Decision Tree Classifier in Python and Scikit-Learn

Decision Tree Classifier for building a classification model using Python and Scikit

Decision Tree Classifier is a classification model that can be used for simple classification tasks where the data space is not huge and can be easily visualized.

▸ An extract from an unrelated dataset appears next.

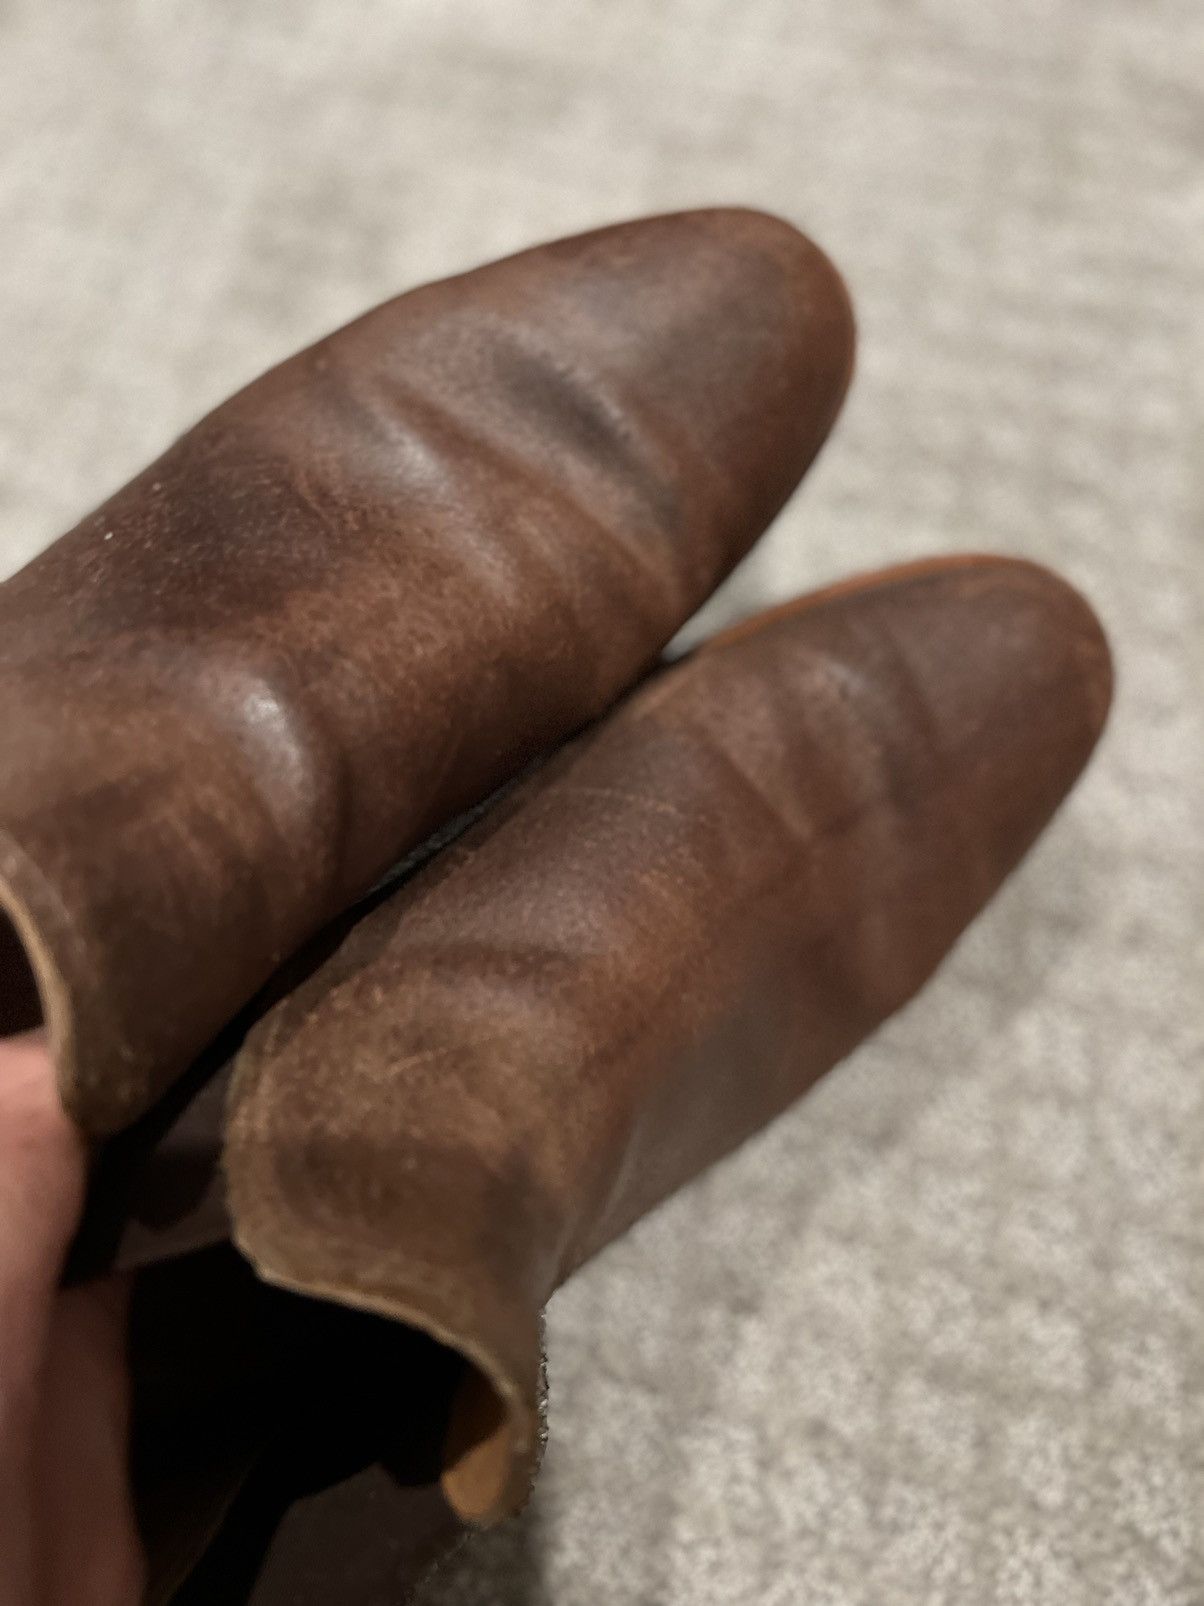 Viberg Viberg 8.5 9.5US Natural waxed flesh roughout Chelsea boots Size US 8.5 / EU 41-42 - 3 Thumbnail

Despite being simple, it is showing very good results for simple tasks and outperforms other, more complicated models.

Article Overview:

  • Decision Tree Classifier Dataset
  • Decision Tree Classifier in Python with Scikit-Learn
  • Decision Tree Classifier – preprocessing
  • Training the Decision Tree Classifier model
  • Using our Decision Tree model for predictions
  • Decision Tree Visualisation

Decision Tree Classifier Dataset

Recently I’ve created a small dummy dataset to use for simple classification tasks. I’ll paste the dataset here again for your convenience.

Decision Tree Classifier - training data
Decision Tree Classifier – training data

The purpose of this data is, given 3 facts about a certain moment(the weather, whether it is a weekend or a workday or whether it is morning, lunch or evening), can we predict if there’s a traffic jam in the city?

Decision Tree Classifier in Python with Scikit-Learn

We have 3 dependencies to install for this project, so let’s install them now. Obviously, the first thing we need is the scikit-learn library, and then we need 2 more dependencies which we’ll use for visualization.

pip3 install scikit-learn
pip3 install matplotlib
pip3 install pydotplus

Decision Tree Classifier – installing dependencies

Now let’s import what we need from these packages.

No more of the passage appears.